We have a member that lives in Mauritius.
He buys all his supplies from us here in S.A.
Read here-

http://www.ecigssa.co.za/hello-from-mauritius.t5835/


----------



## AlexL (15/1/17)

Jup thats correct you cannot legally purchase any vaping equipment or e juice in Mauritius . i have seen and sampled some items purchased "back door" in Maritius .. it was cheap nasty chineese junk branded Hotcig, probably fake ... the tank leaked continously even when filled with good local SA juice, the blackmarket Mauritius e juice was also made in china was as thin as water was apparently a cherry flavor but tasted like glue.. yuk.....no troubles taking your own hardware and juices over.. jus remove the batteries and have them stored safely in a battery box that u can buy from most vape shops and you should be ok....

Reactions: Like 1


----------



## brianb3 (16/1/17)

Clouds4Days said:


> You can take your stuff there (gear) but you wont be able to buy fokol there.

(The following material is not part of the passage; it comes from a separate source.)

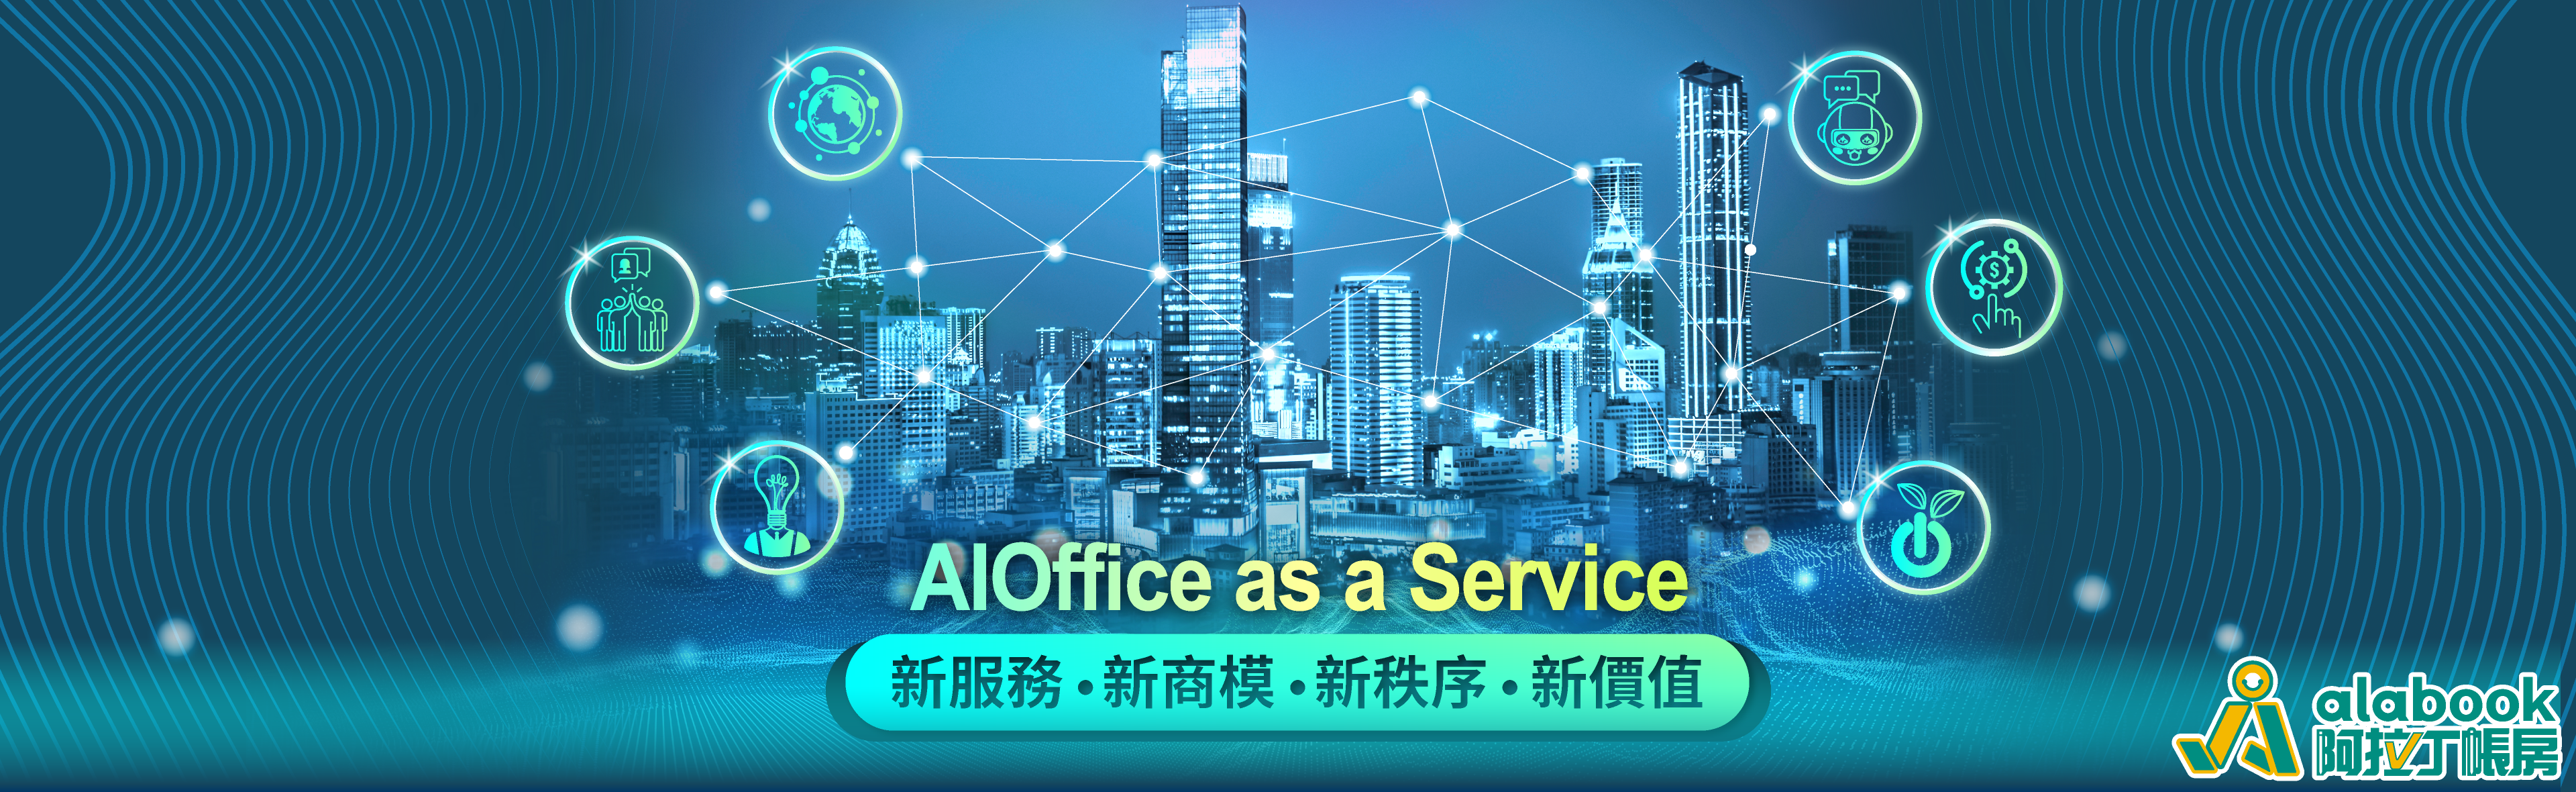 018.AIOffice-as-a-Service-新服務、新商模、新秩序、新價值_阿拉丁2

Thanks for your response. may be better if i just take my istick rather than a battery mod i will fill up on juice in my checked bags


----------



## brianb3 (16/1/17)

AlexL said:


> Jup thats correct you cannot legally purchase any vaping equipment or e juice in Mauritius . i have seen and sampled some items purchased "back door" in Maritius .. it was cheap nasty chineese junk branded Hotcig, probably fake ... the tank leaked continously even when filled with good local SA juice, the blackmarket Mauritius e juice was also made in china was as thin as water was apparently a cherry flavor but tasted like glue.. yuk.....no troubles taking your own hardware and juices over.. jus remove the batteries and have them stored safely in a battery box that u can buy from most vape shops and you should be ok....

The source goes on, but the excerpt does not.